Дед Шихалей проснулся ровно в пять. Подсознательный деревенский петух, вот уже шестьдесят лет обитавший в его организме, был точен, как швейцарский брегет, и будил деда всегда в одно и то же время. Пока дед управлялся со скотиной, уже рассвело. Замечательный своей беспородистостью песик подкатился под ноги. Дед потрепал его отсыревшую за ночь шкурку и вошел в дом.
— Шарика кормила? — спросил он у бабки.
— Голодный твой Шарик! — приревновала бабка деда к собаке.— Вон борща налила — не ест!
— А он тебе не коза, чтобы капусту хуярить, — спокойно и назидательно сказал дед.
Он густо намазал кусок белого хлеба маслом и вышел во двор. Шихалеиха не обиделась такому обращению — все мужчины в Тетерино разговаривали таким манером, слава богу, деньги не пропивает, не бьет, и то ладно.

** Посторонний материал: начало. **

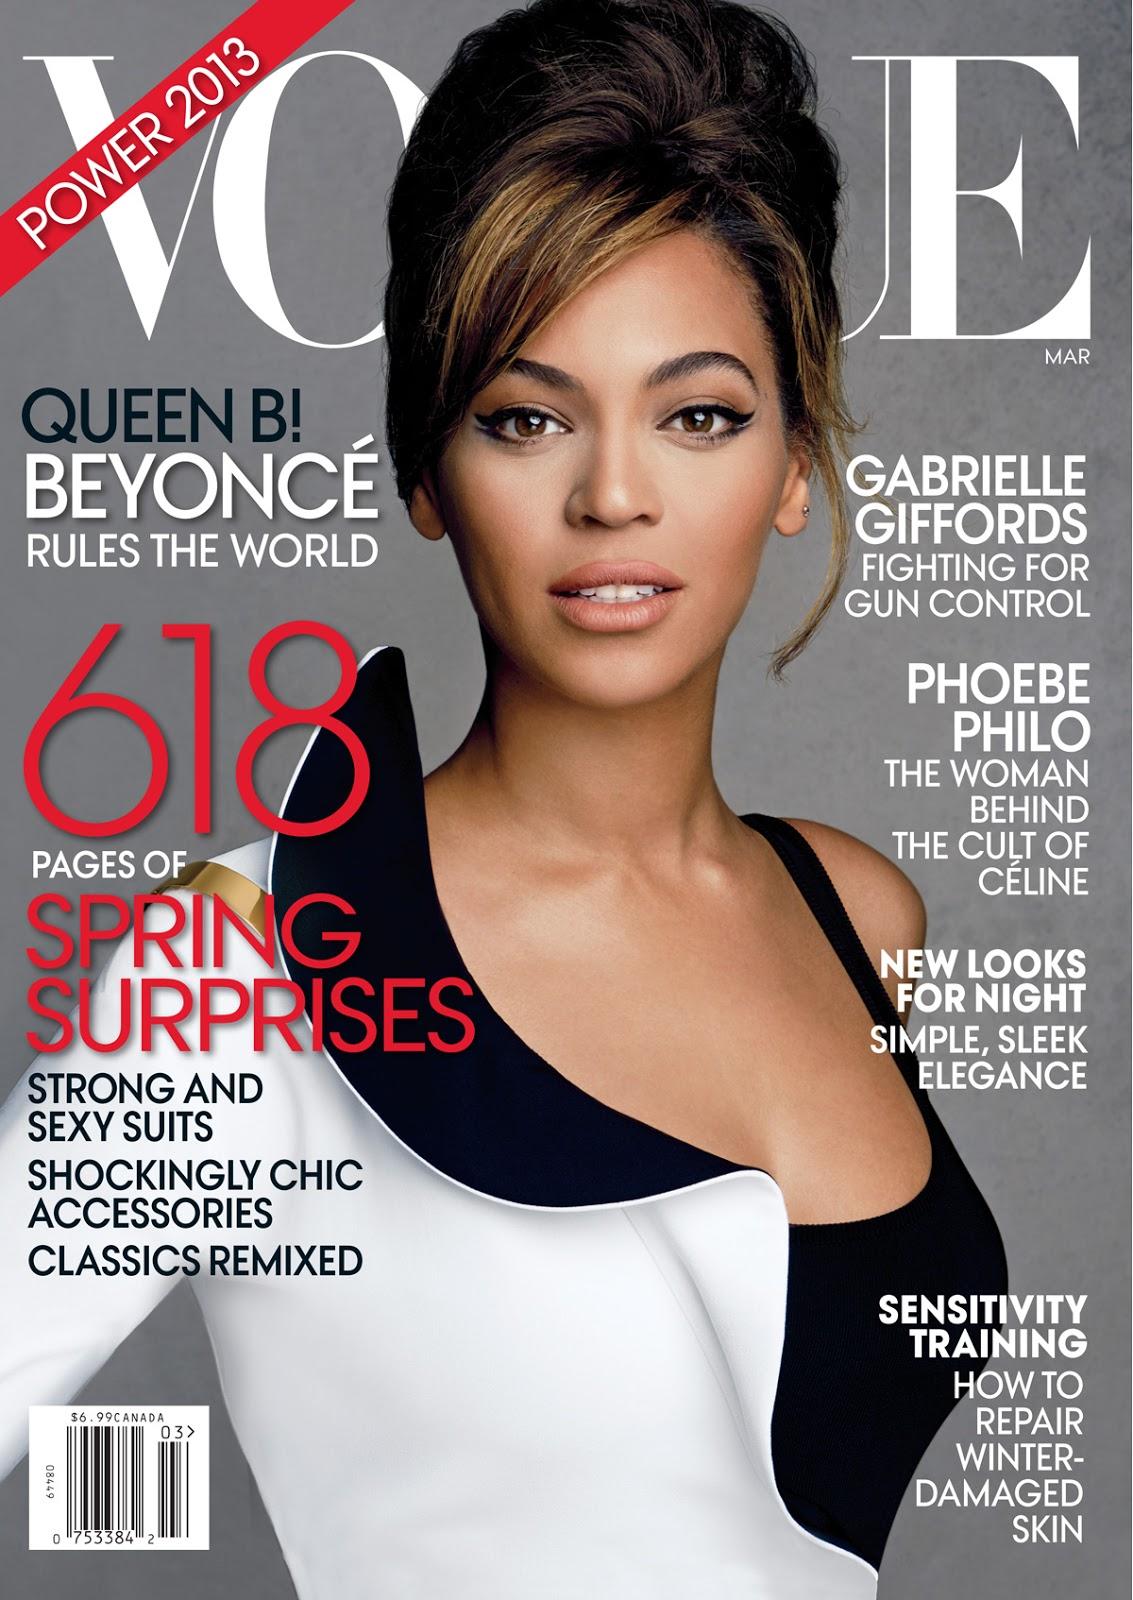 http://2.bp.blogspot.com/-ZG9meLBuTSw/URjvndFHwLI/AAAAAAABEdo/CaqUfli3WRA/s1600/Vogue-Magazine-March-2013-Beyonce-Cover.jpg

Дед присел около Шарика. В такие минуты Шарик был просто раздираем внутренним противоречием. Ему хотелось лизнуть деда в небритую щеку, и одновременно не хотелось обижать хозяина пренебрежением к пище. Вообще-то он согласился бы и пропустить завтрак, если бы дед позволил себя лизнуть и немного с ним поиграться. Поэтому умный песик поступил следующим образом: он откусил кусочек хлеба, выказывая волчий аппетит, и теперь прыгал на деда, стараясь достать мордочкой до лица.
«Какой это мудозвон, — разговаривал дед сам с собой, — сказал, что животные не думают, а живут рефлексами? Павлов, что ли? Физиолог сраный! А если Шарик не думает, то почему он хочет лизнуть меня в лицо, а не в жопу?»
Добив воображаемого оппонента железным с точки зрения общечеловеческой логики аргументом, дед пошел собираться на работу.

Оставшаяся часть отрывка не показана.